There has been much debate about prepaid cards and opportunity costs. I’ve studied this topic in school and on my CPA exam, but I’ll admit I’m not expert on this topic, I can only share my opinion.
In Frequent Miler’s post yesterday, he states that the opportunity cost of using an AMEX SPG card to buy a Vanilla Reload card is 2 cents per mile. I think his article was quite confusing, but I’ll try to explain what he meant.
Let’s check out the definition from Wikipedia:
Opportunity cost is defined by a choice is the value of the best alternative forgone, in a situation in which a choice needs to be made between several mutually exclusive alternatives given limited resources.
This definition is too confusing, let’s try another:
Opportunity cost is what you have to forgo when you choose to do A rather than B. For example, the opportunity cost of Mr X donating blood is that he can’t attend his class on economics. In the healthcare sense, every dollar spent on research into breast cancer is a dollar less on research into type 1 diabetes.
Let’s assume option A is buying a prepaid Vanilla Reload card with AMEX SPG at 504 SPG points per $3.95.
Option B = Using a 2% cashback card to earn $10.08 per $3.95
Frequent Miler is saying that choosing option A would have an opportunity cost of $6, the amount you would forgo.
Choosing option B would forgo opportunity to buy 504 SPG points at $3.95. If you value SPG points at 2 cents per point, then you would be $6 ahead.
If you choose option A, you are saying that AMEX SPG is greater than 2% cash back because you would rather forgo the cash back.
If you choose option B, you are saying the 2% cash back is more valuable because you would rather forgo the opportunity to buy 504 SPG points at $3.95.
It all depends how much an SPG point is worth to you. If you think it is worth more than 2% cash back, then you should use an AMEX SPG card. I value an SPG point conservatively at 2.2 cents per point, so it makes sense to use an AMEX SPG card or a Barclaycard Arrival (also 2.2% back).
Comparing Other Credit Card Options
Let’s apply this definition to three different credit card options.
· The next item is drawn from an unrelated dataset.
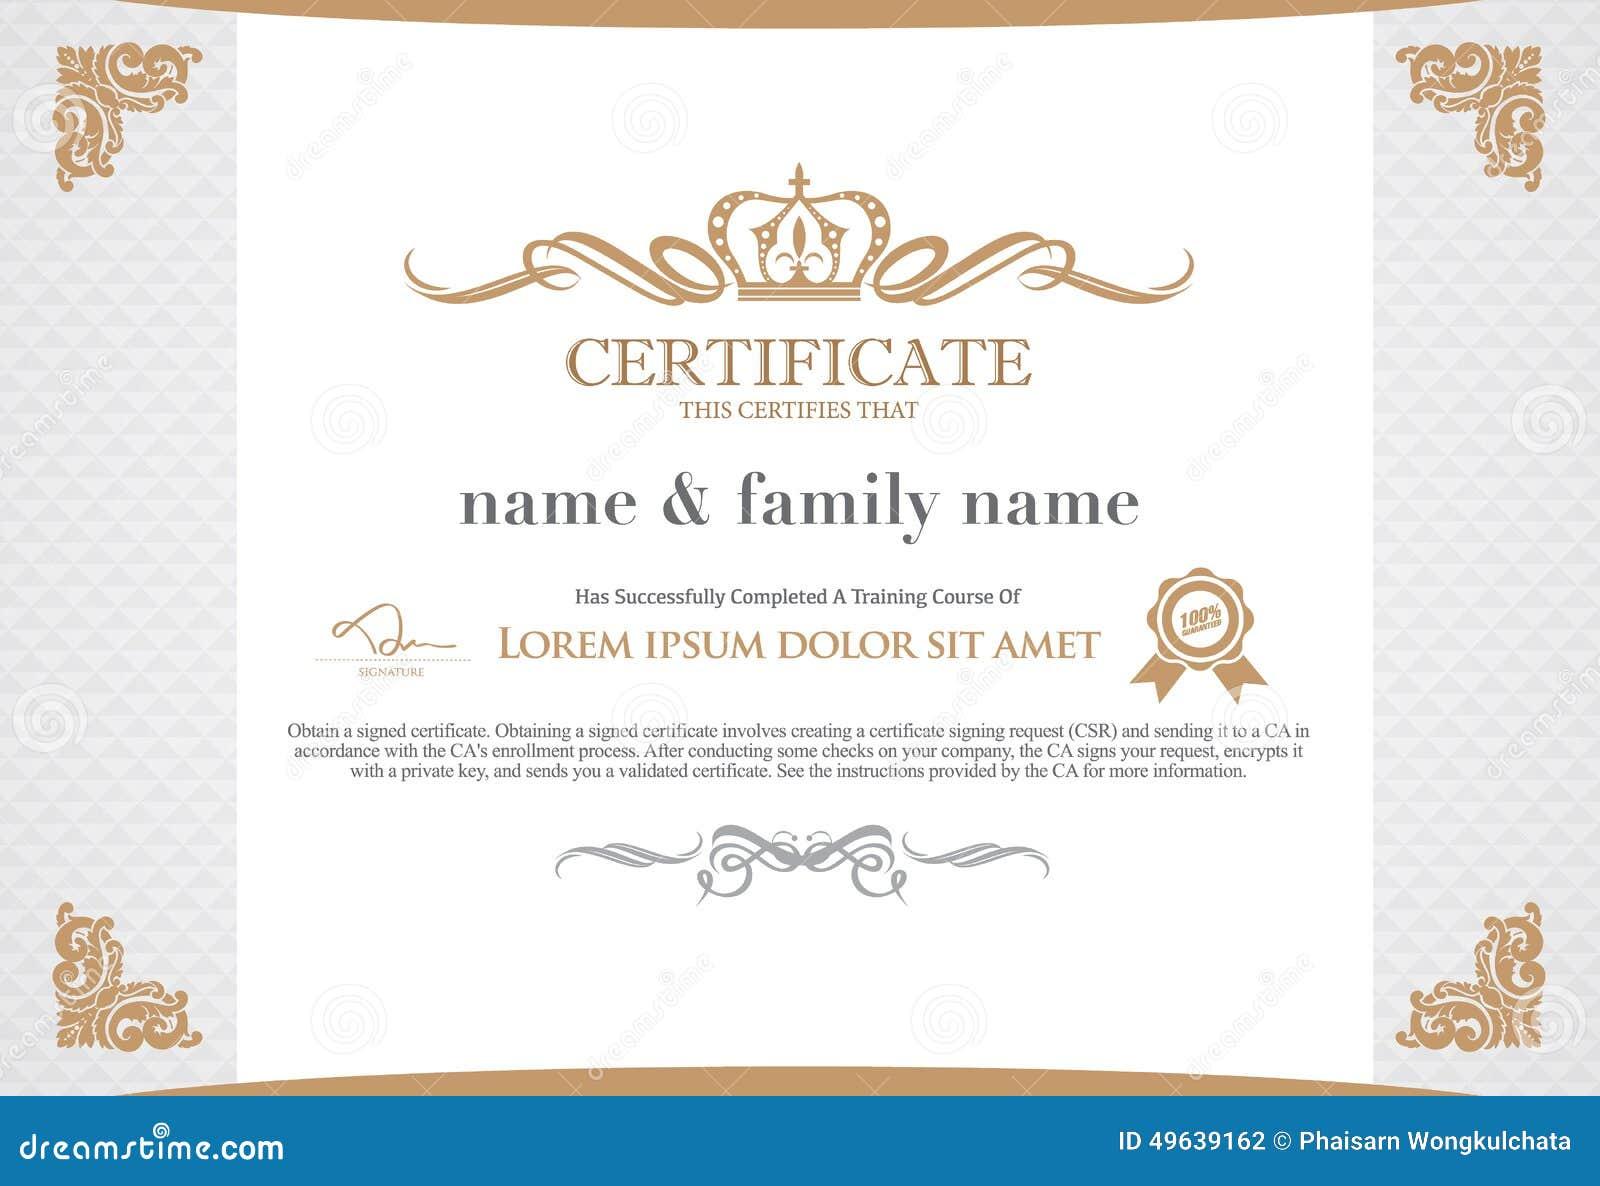 Ziemlich Zertifikat Ai Template Bilder - zertifizierungsstelle ...

For example, let’s use Barclaycard Arrival as “A”, AMEX SPG as “B”, and Chase Sapphire as “C”.
If I use “A”, my opportunity cost of forgoing B would be 1,108 Barclaycard points (at 2x + 10% rebate = $504*2.2 = 1,108) minus $3.95 or $7.13.
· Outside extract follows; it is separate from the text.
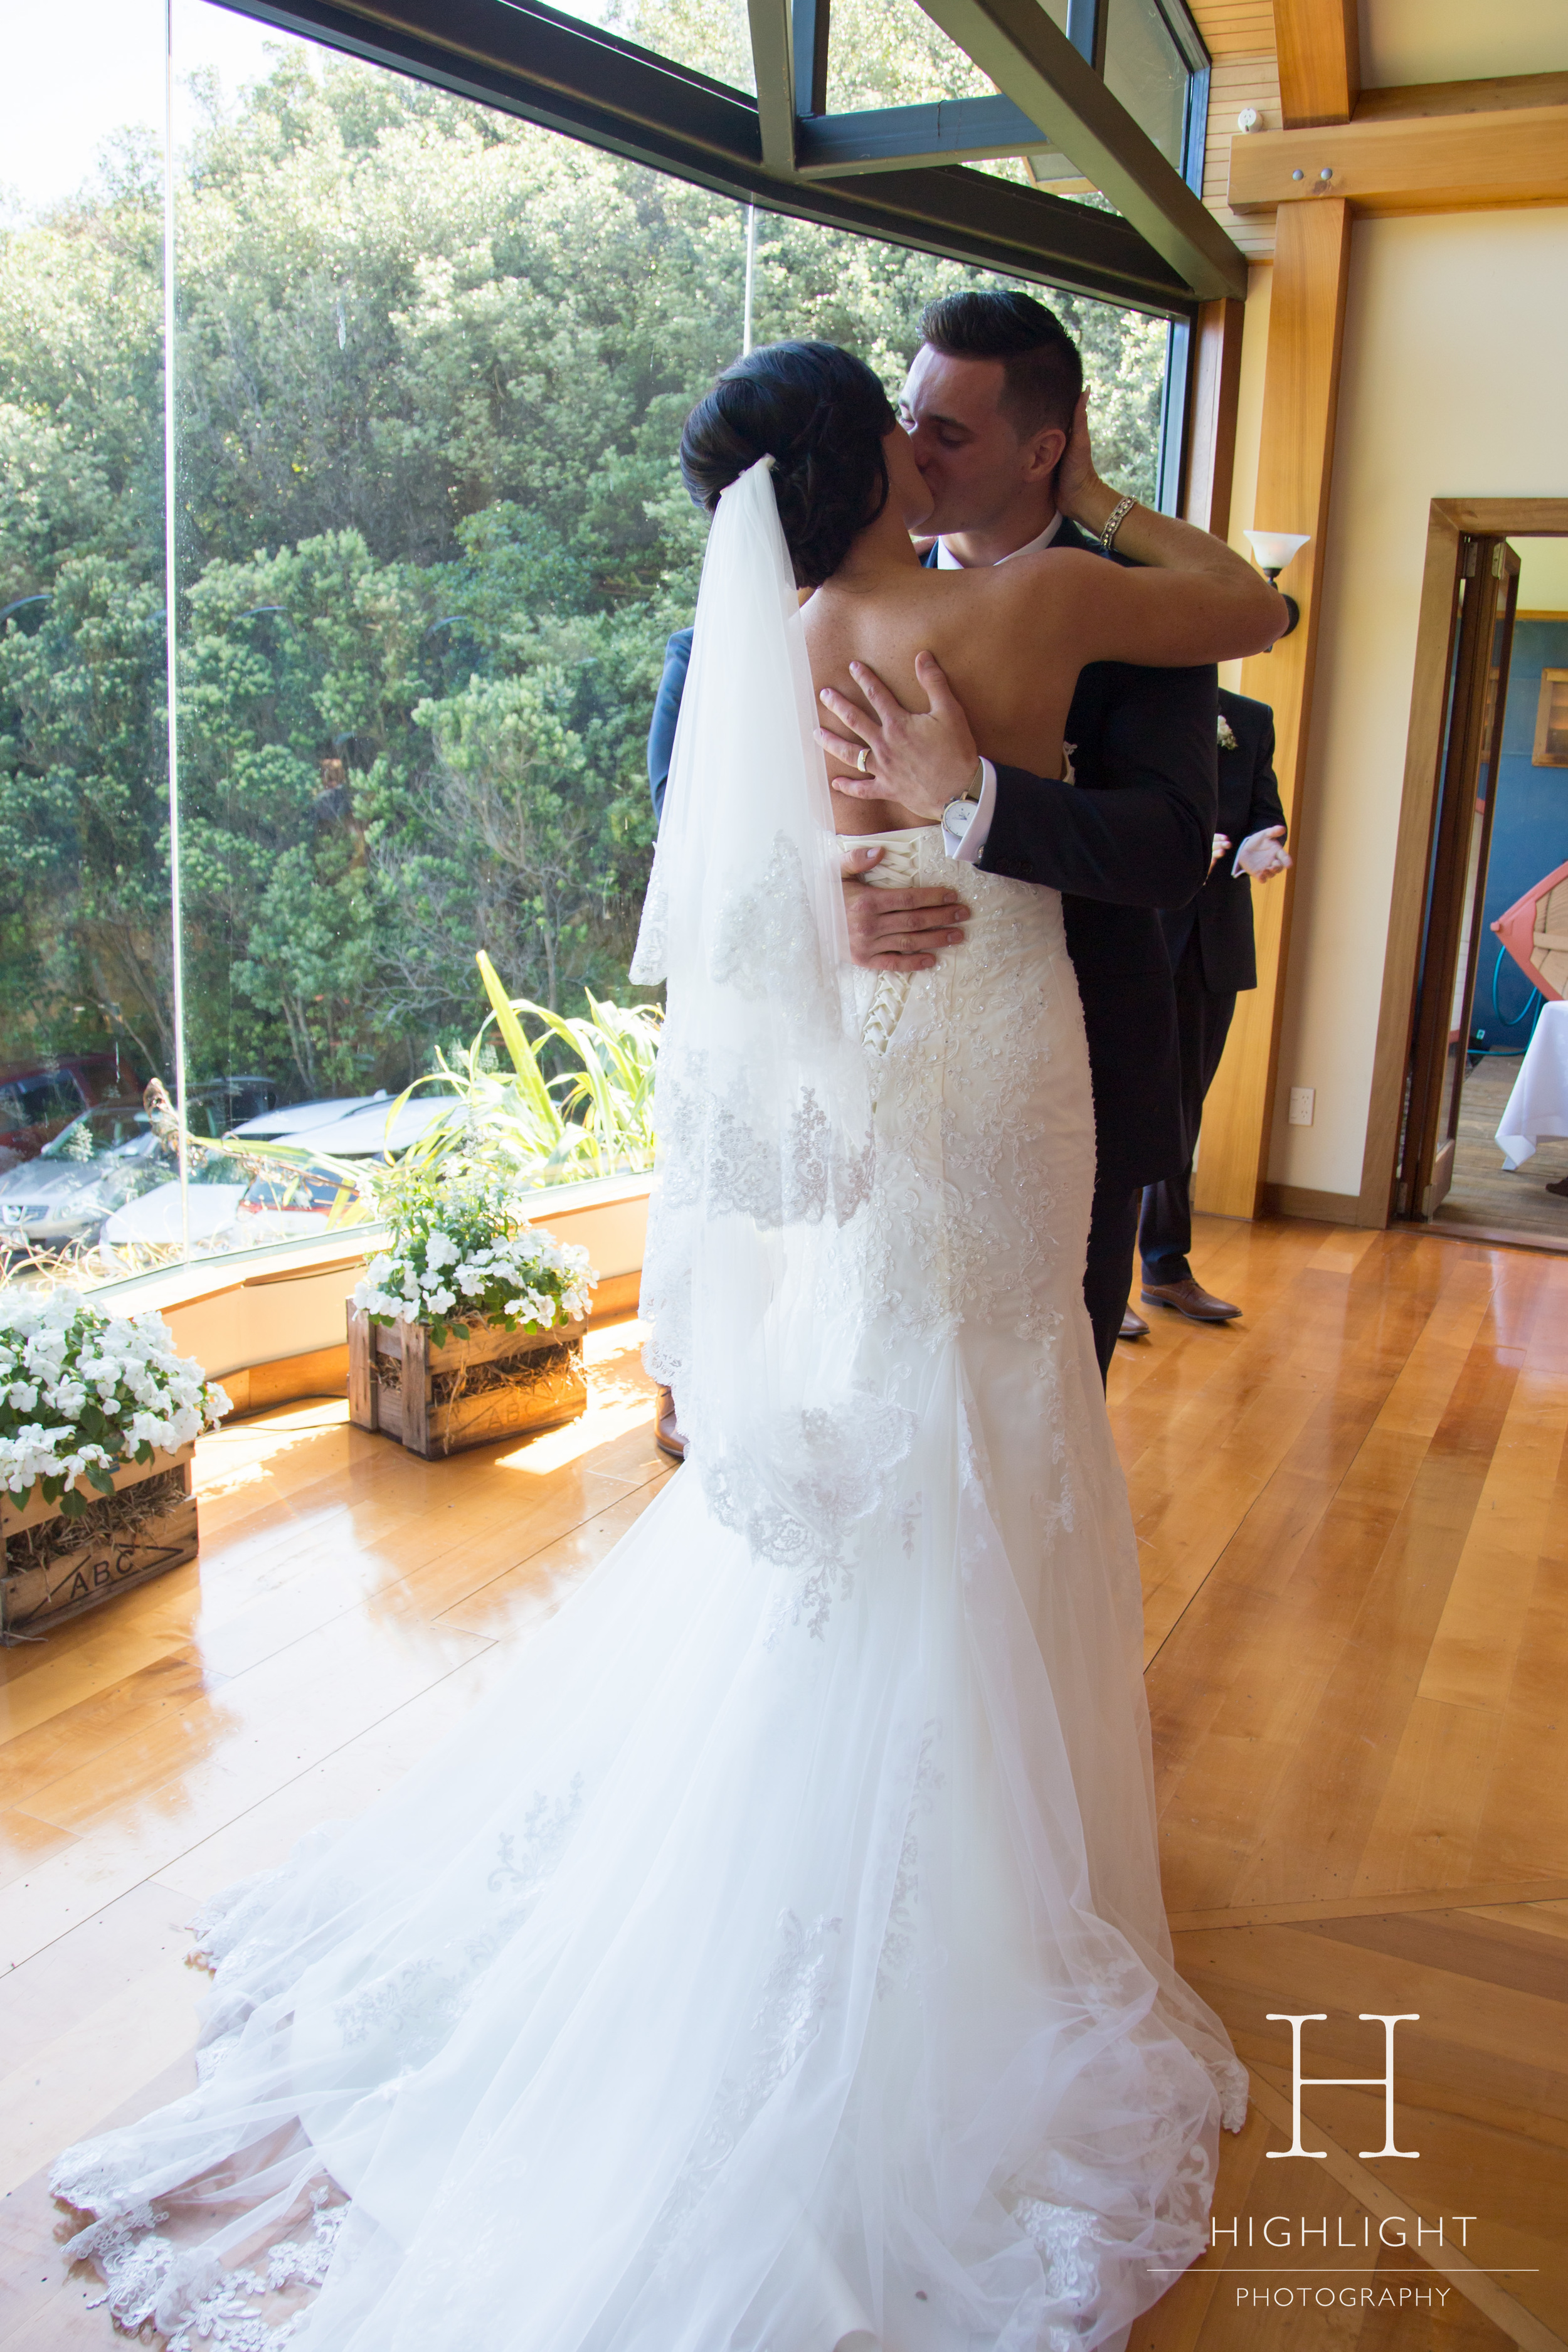 highlight_photography_wedding_new_zealand_kiss.jpg

If I use “B” my opportunity cost of forgoing A would be 504 SPG points (at 2.2 cents each) minus $3.95 = $7.13
If I use my Chase Sapphire card, I would earn 504 points at 1.5 cents each minus $3.95 = $3.61. The opportunity cost of forgoing option A/B would be 504 SPG or 1,108 Barclay points. This option has a higher opportunity cost than option A or B because 504 SPG or 1,108 Barclay points are more valuable than 504 UR points.
Therefore, I would equate the opportunity costs between using Barclaycard Arrival and AMEX SPG the same. The opportunity cost for Chase Sapphire Preferred is higher because you are forgoing the better option.
Opportunity costs when compared to non points related activity.
The other way to compare opportunity costs is hard to quantify. You would have to compare the opportunity costs between buying a Vanilla Reload to not buying a Vanilla Reload. Would you rather spend $3.95 to earn 504 SPG points or would you rather stay at home, save the money, and do nothing?
I’ve recently decided to stop buying Chase gift cards unless it’s for minimum spend because Walmart is far from me and quite frustrating with the broken machines and interesting workers. The opportunity costs of quitting is free points at Chase, while the opportunity costs of buying Chase gift cards is calling to activate the cards, the hassle of driving to Walmart, gas money, waiting in line, transferring via Bluebird, etc.
I think most of us here would buy Vanilla Reloads to earn more points to travel for a huge discount rather than do nothing. However, collecting points and miles is not free. It takes time and effort to collect points and miles. Also, driving around to Walmart and CVS is another cost. Writing this blog has opportunity costs. All of these activities and organizing our credit cards and points and miles is our “opportunity cost”. Sometimes is hard to quantify the two options. I would say that credit card churning has low opportunity costs because you aren’t giving up too much time and leisure to earn points. However, manufactured spending like Vanilla Reloads, Target Prepaid, Chase gift cards, etc. can have a bigger opportunity cost. That opportunity cost is that you could spend your time doing other things. It’s important to take a step back and ask yourself “Is it worth it?”
Did this post about prepaid cards and opportunity costs confuse you even more or was it helpful?